◆ **AIM OF THE EXERCISE**:
An exact copy of the listing below is required, minus its pictures.

◆ **EXERCISE DATA**:
:::::
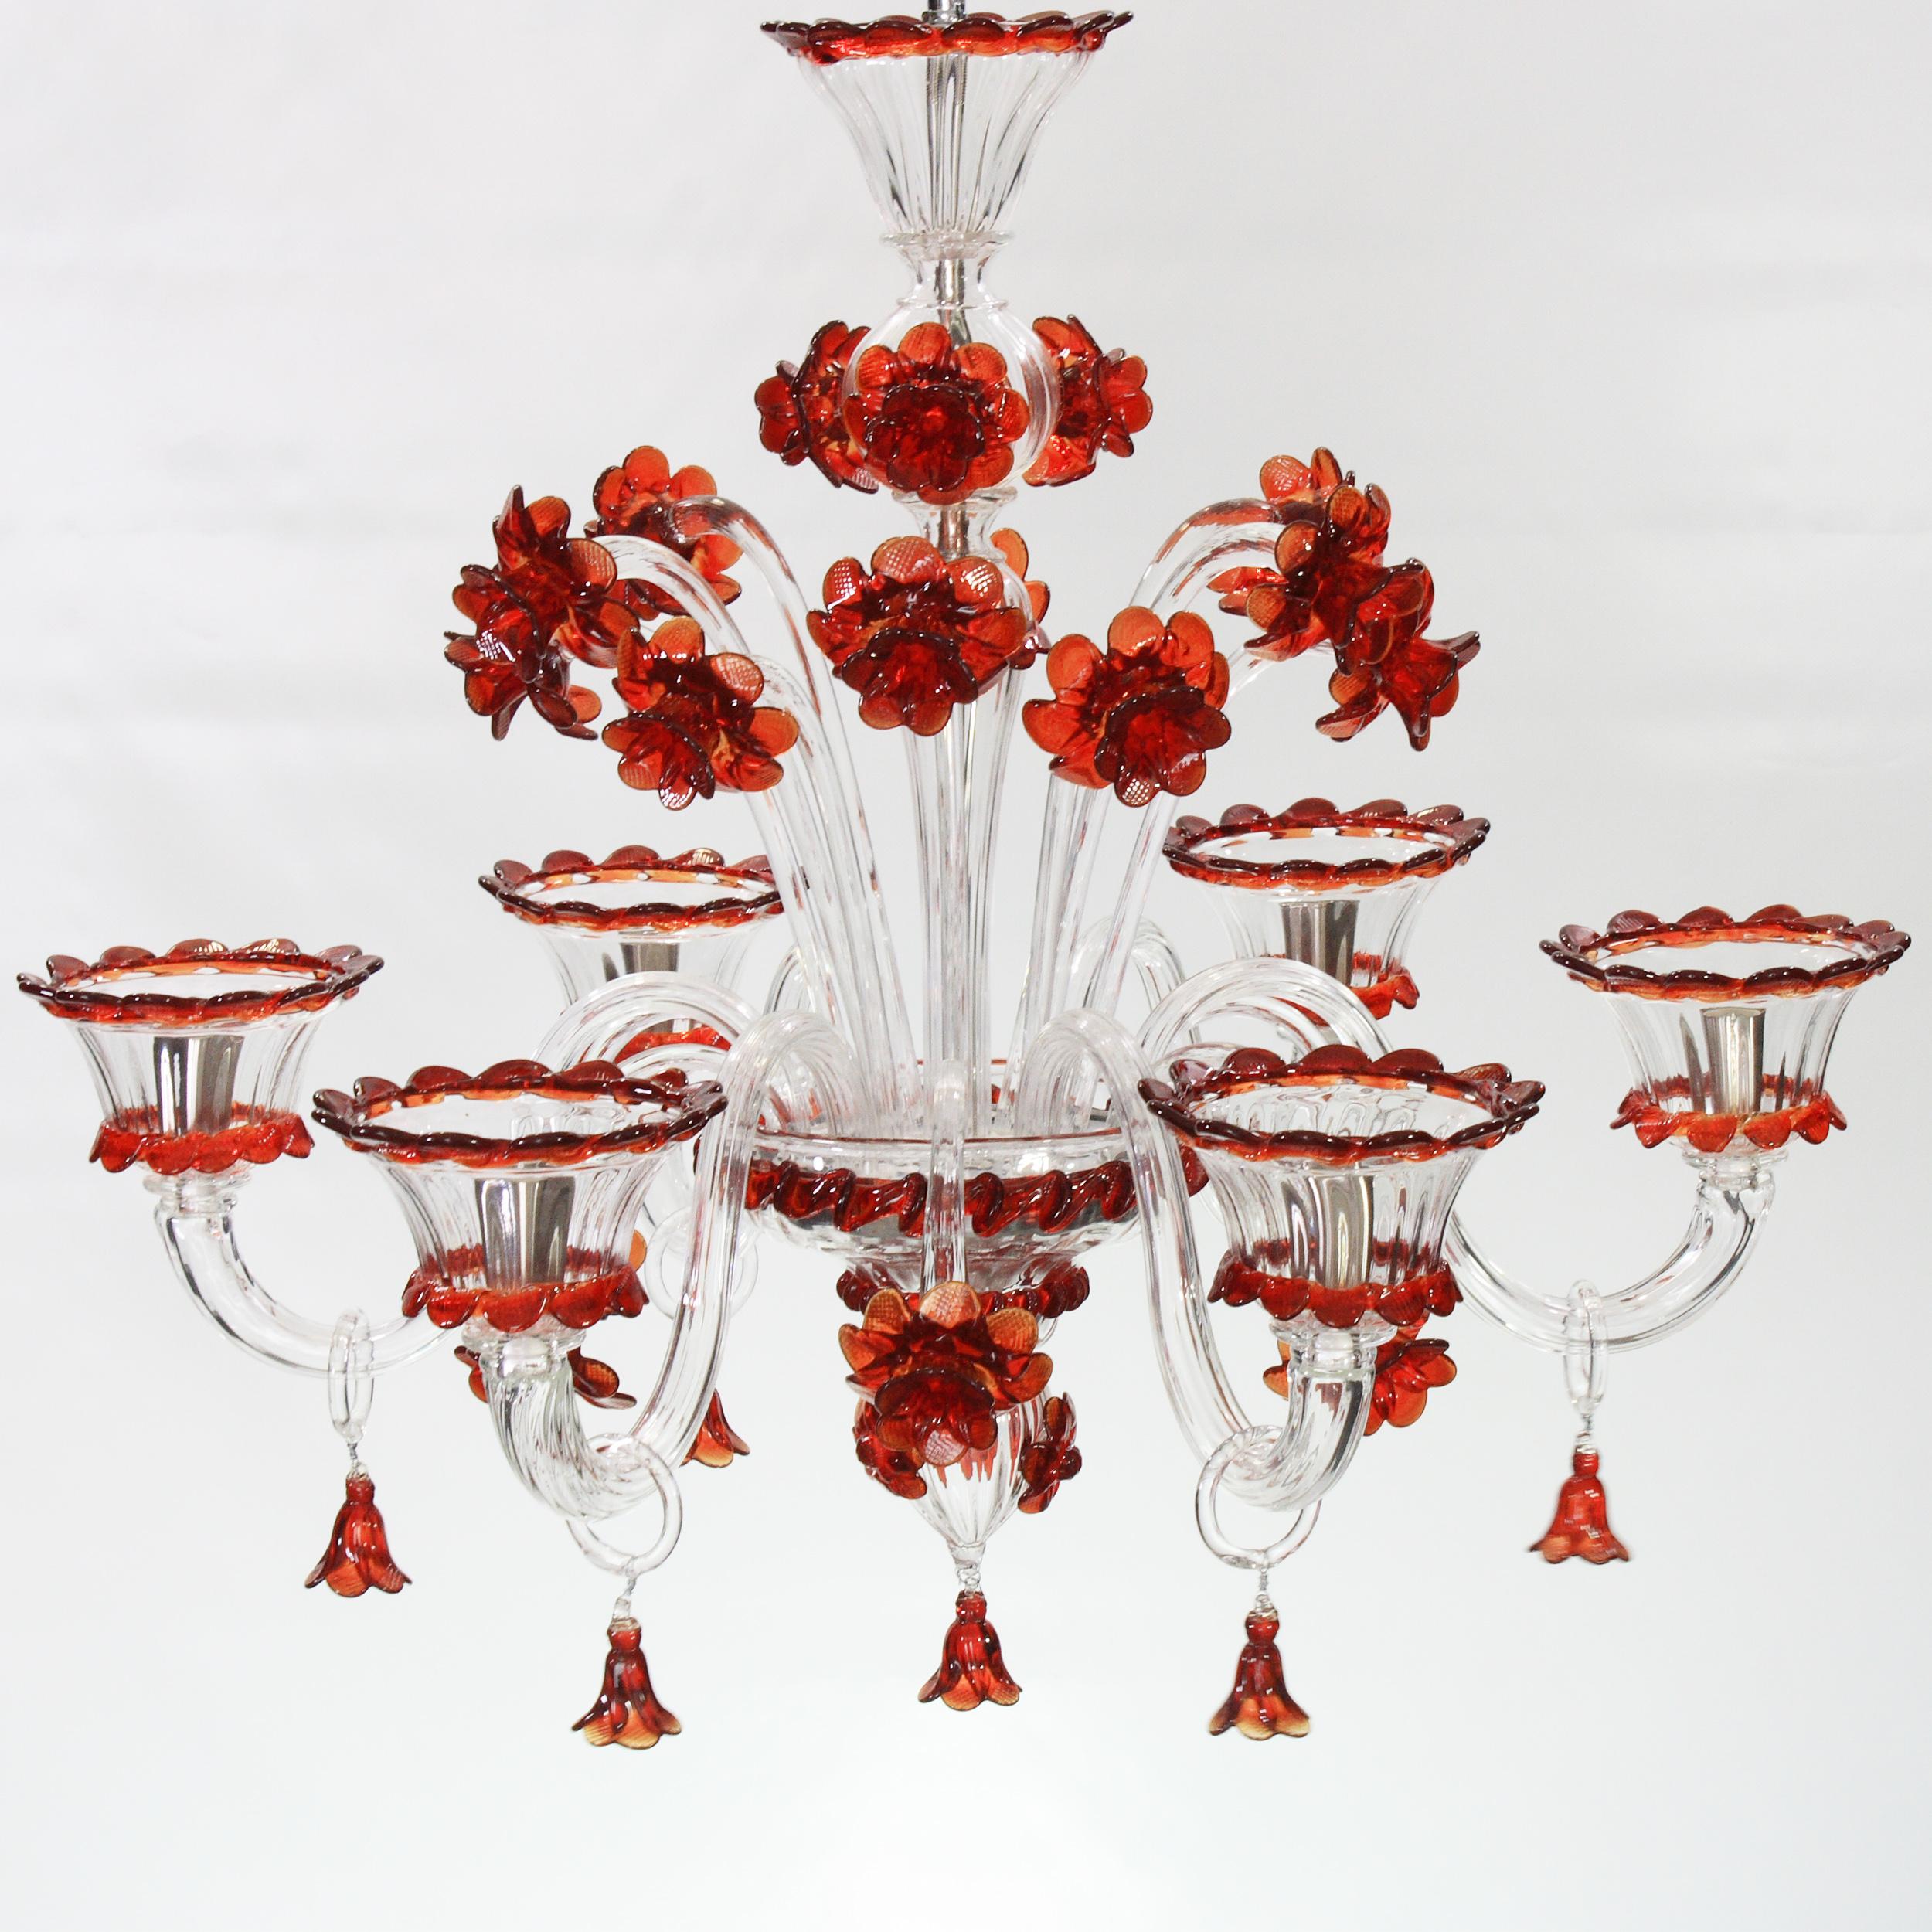 Artistic chandelier 6 lights clear Murano glass and red flowers and details  by Multiforme
This is a classic chandelier composed by a multitude of red flowers. There are also many other details in red galss on the cups and on the arms. 
Our glass
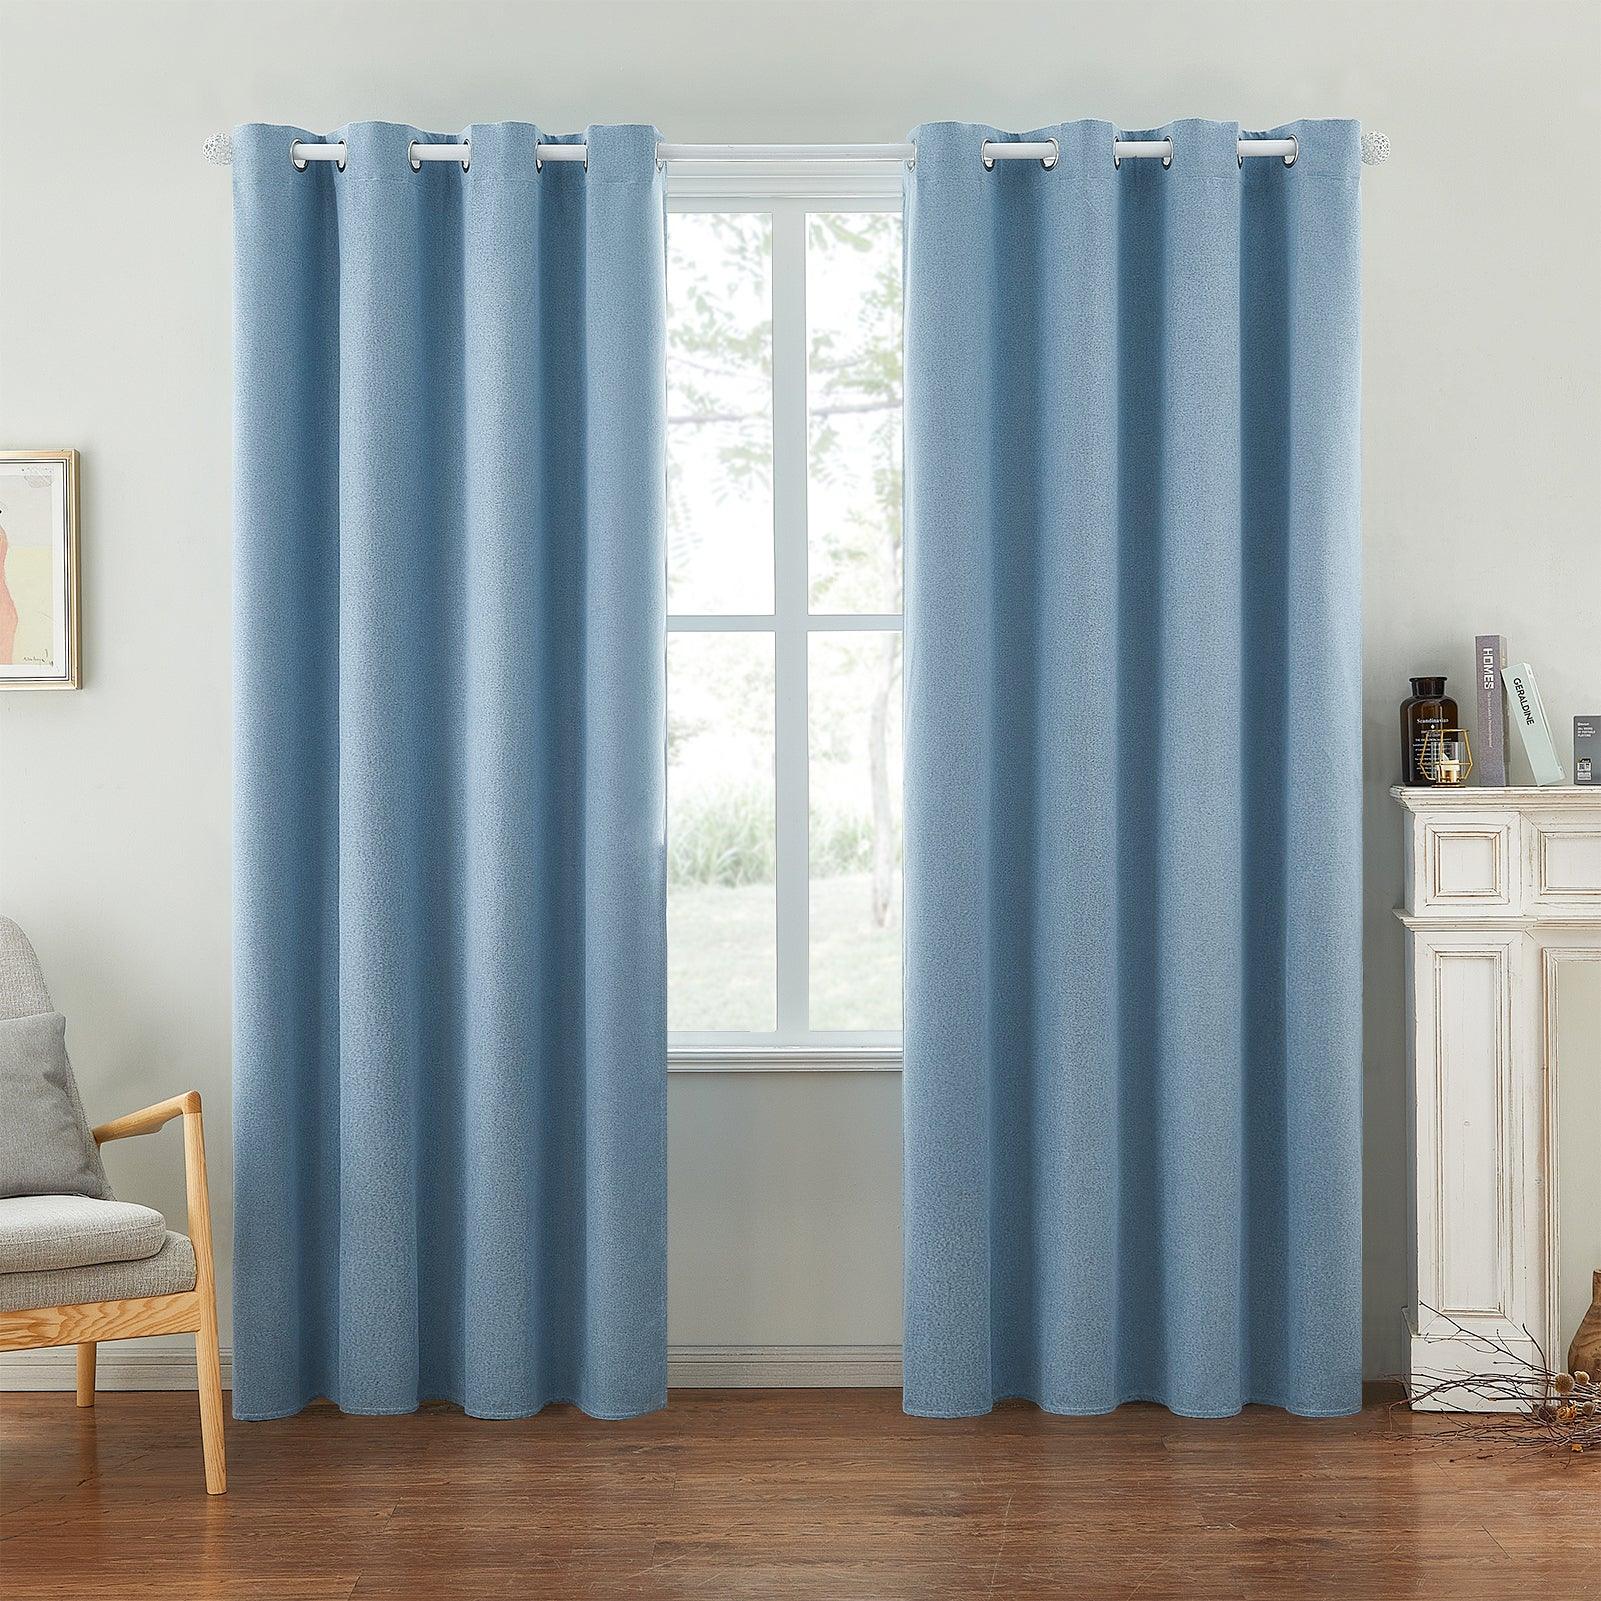 Custom Size -Modern Solid Thermal Insulated Window Treatment Blackout Drapes For Bedroom With Eyelets,1 Panel - Topfinel
:::::
◆ **ANSWER TO THE PROBLEM**:
 Artistic chandelier 6 lights clear Murano glass and red flowers and details  by Multiforme
This is a classic chandelier composed by a multitude of red flowers. There are also many other details in red galss on the cups and on the arms. 
Our glass
 Custom Size -Modern Solid Thermal Insulated Window Treatment Blackout Drapes For Bedroom With Eyelets,1 Panel - Topfinel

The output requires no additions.